John Sutherland
A Beckett fagend rescued from a bin
A review of Samuel Beckett’s ‘Echo’s Bones’. Considered too Beckettian for 1933, this recovered short-story is an allusive riot
Spectator readers of my vintage will remember their first encounter with Beckett as vividly as their first lover’s kiss. For me they happened around the same time, aged 18. The dramatic initiation was a Colchester rep performance of Waiting for Godot, in 1956.
Twenty-five years after his first mature work was written Beckett had hit England with the burst of an unexploded wartime bomb. The general response at the time was one of fascinated bafflement. That has dispersed over the last half century but the fascination — as the headlines accompanying the publication of this Beckettian fragment witness — remains undiminished.
The story, ‘Echo’s Bones’, is an early work but in no sense juvenile. The package Faber offers us has, internally, the dimensions of a transport-caff sandwich: 23 pages of prefatory material, 48 pages of text, 69 pages of end-notes. It would be easy to sneer— all caboose, no engine. But that would be unfair. The apparatus criticus is, most readers will discover, wholly necessary.
The background to the publication is itself a fascinating story. In 1933 Charles Prentice (a name to inscribe on the Beckett honour board) persuaded his firm, Chatto & Windus, to take on a volume of Beckett short stories — More Pricks than Kicks — on the basis that for a wholly uninitiated readership this young author was best administered in teaspoon doses.
Beckett’s ten stories were judged a trifle too short and he was asked for a makeweight ‘fagpiece’, as Beckett called it. The fag-end he came up with was ‘Echo’s Bones’. It was too Beckettian for 1933 and, as Prentice candidly confessed, gave the firm the ‘jim-jams’. It was politely rejected and binned by Beckett. Eighty years on it has risen from the bin.
One can see Chatto’s point. Beckett was evolving fruit-fly fast and had embarked, with ‘Echo’s Bones’, on a new technique. He resolved to inject the whole bulk of his extraordinarily wide reading, scholarship, and vocabulary into the skeletal frame of a short story. The result is a compressed riot of intertextuality, allusion and cross-referentiality.
The title, as the first of the endnotes usefully informs us, is from Ovid’s Metamorphoses: ‘Echo’s bones were turned to stone. Her love for Narcissus unrequited, she pined away until only her voice and her bones remained,’ ‘Echo’s Bones’ is, as Beckett labelled it, a ‘triptych’. It opens with Belacqua, who died in an earlier story, returned to life, sitting, precariously, on a fence.
At this period of his life Beckett was suffused in Dante (Belacqua is a lutemaker in the Divine Comedy).

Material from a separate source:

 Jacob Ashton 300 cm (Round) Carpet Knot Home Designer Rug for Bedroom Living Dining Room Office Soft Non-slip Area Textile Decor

But unlike the revenant Dante, who discovers a world larger than ours the other side of death, Belacqua has discovered only nothingness. In the vita nuova granted him he sits on his fence. The posture is ‘casse-poitrine’. As a note informs us, ‘the active partner in homosexual fellatio’.

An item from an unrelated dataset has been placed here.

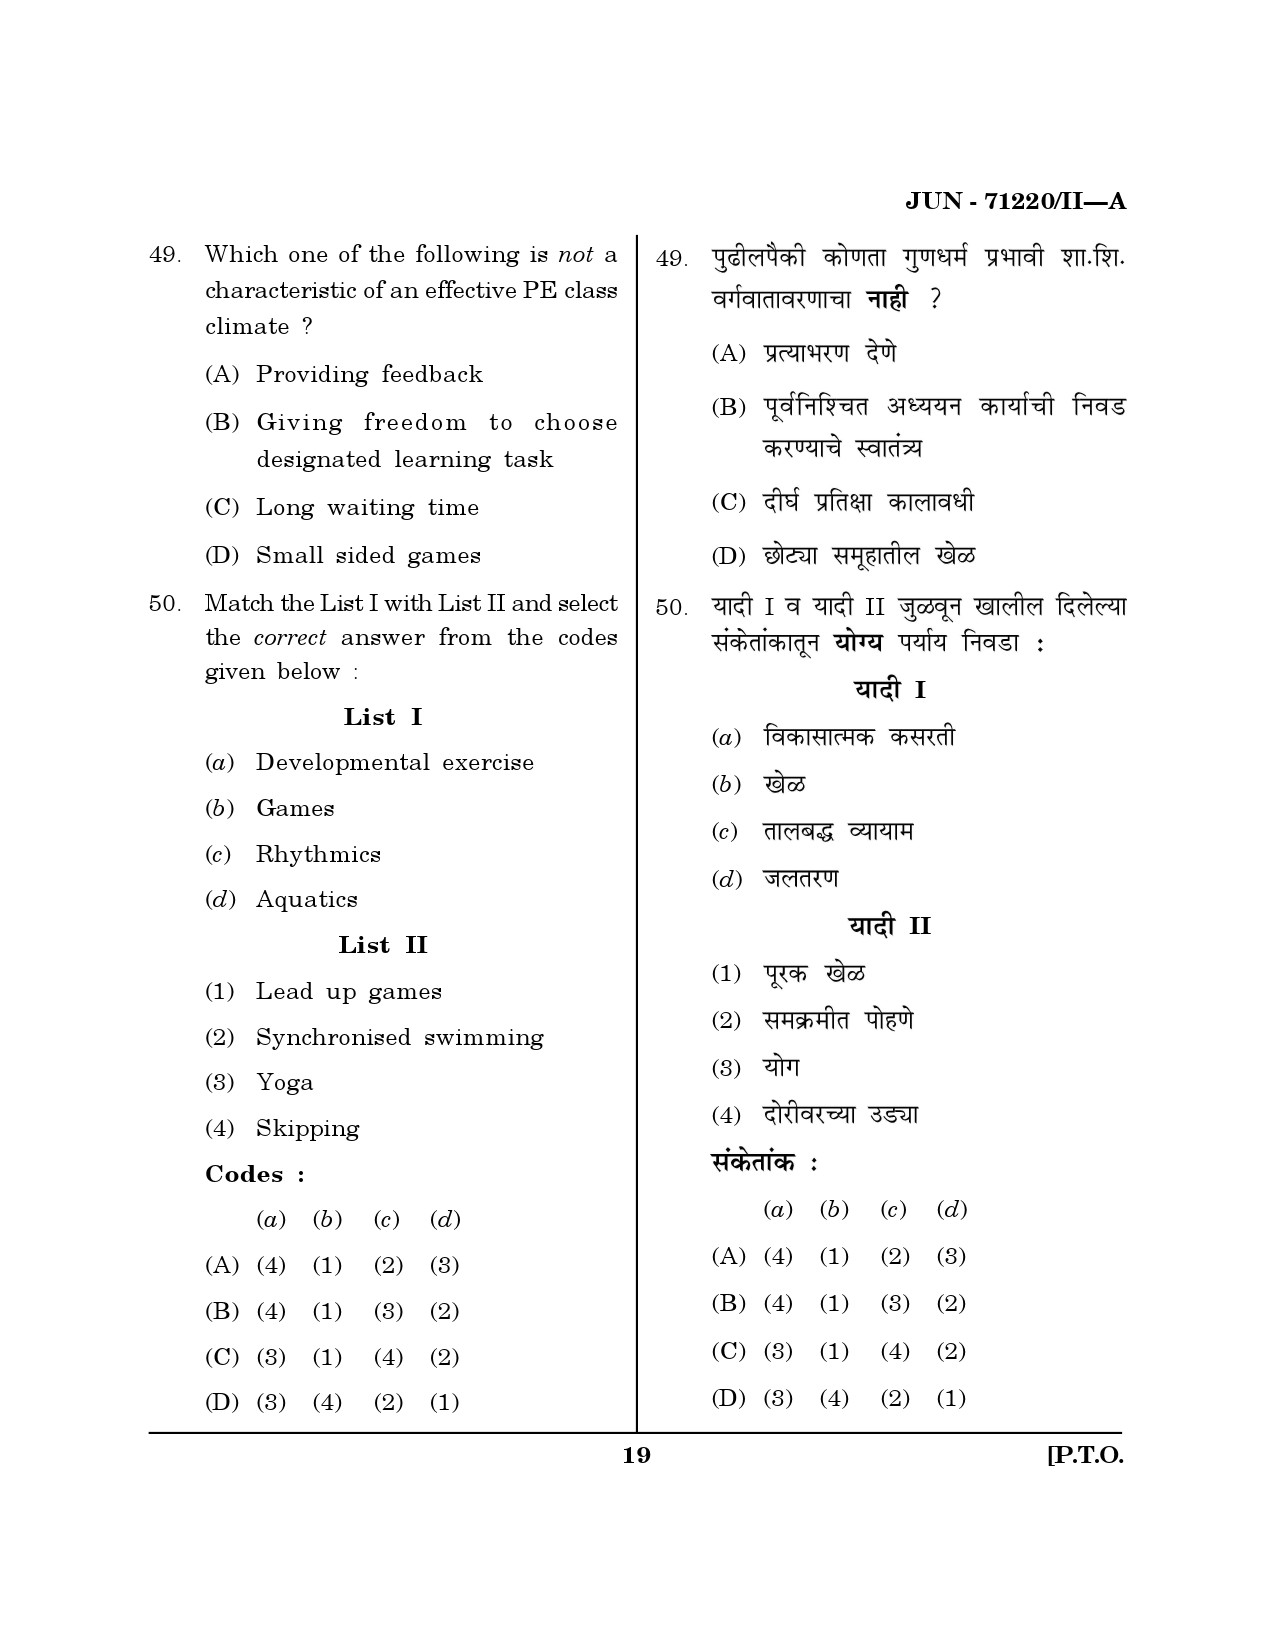 Maharashtra SET Physical Education Question Paper II June 2020 18

As he perches, Belacqua smokes a phallic cigar and picks his nose. An endnote informs us that the allusion is to Jules Renard’s praise for ‘the solitude in which you can at last lovingly pick your nose’. Belacqua’s solitude is interrupted by a whore, named Zaborovna Privet. The Russian word ‘zabor’ means, a note tells us, ‘fence’, and ‘privet’, we need no note to tell us, is the ubiquitous English fencing bush.
With plentiful assistance of rum and garlic, Belacqua is raped by Zabora. The point, frequently encountered in Beckett, is that the only ‘resurrection’ we can expect is that return to libidinal life between the ‘little death’ of orgasm and the next killing orgasm.
The second panel of the triptych sees Belacqua, potent again, serving as an inseminator for Lord Gall of Wormwood, who is unable to produce the heir who will keep his lands in family possession. The third panel finds Belacqua sitting on his own gravestone watching a gravedigger rob his grave. Once opened the coffin reveals only stones — Echo’s remains in Ovid.
Mark Nixon’s edition is a glorious vindication of scholarship. The notes — two pages for every page of Beckett text — enrich the story with reference which will surely escape the common reader. This density of explication would not be required in Beckett’s later work as he progressed from the plenitude of this story to the parsimony of, say, Krapp’s Last Tape. But for ‘Echo’s Bones’ the endnotes are a literary lifesaver.
One closes this little book with a spasm of regret that Beckett did not live to see the origin of the universe recently discovered in — what else? — echoes: those mysterious gravitational waves, last faintly resounding relics of the Big Bang. The image would have pleased him mightily.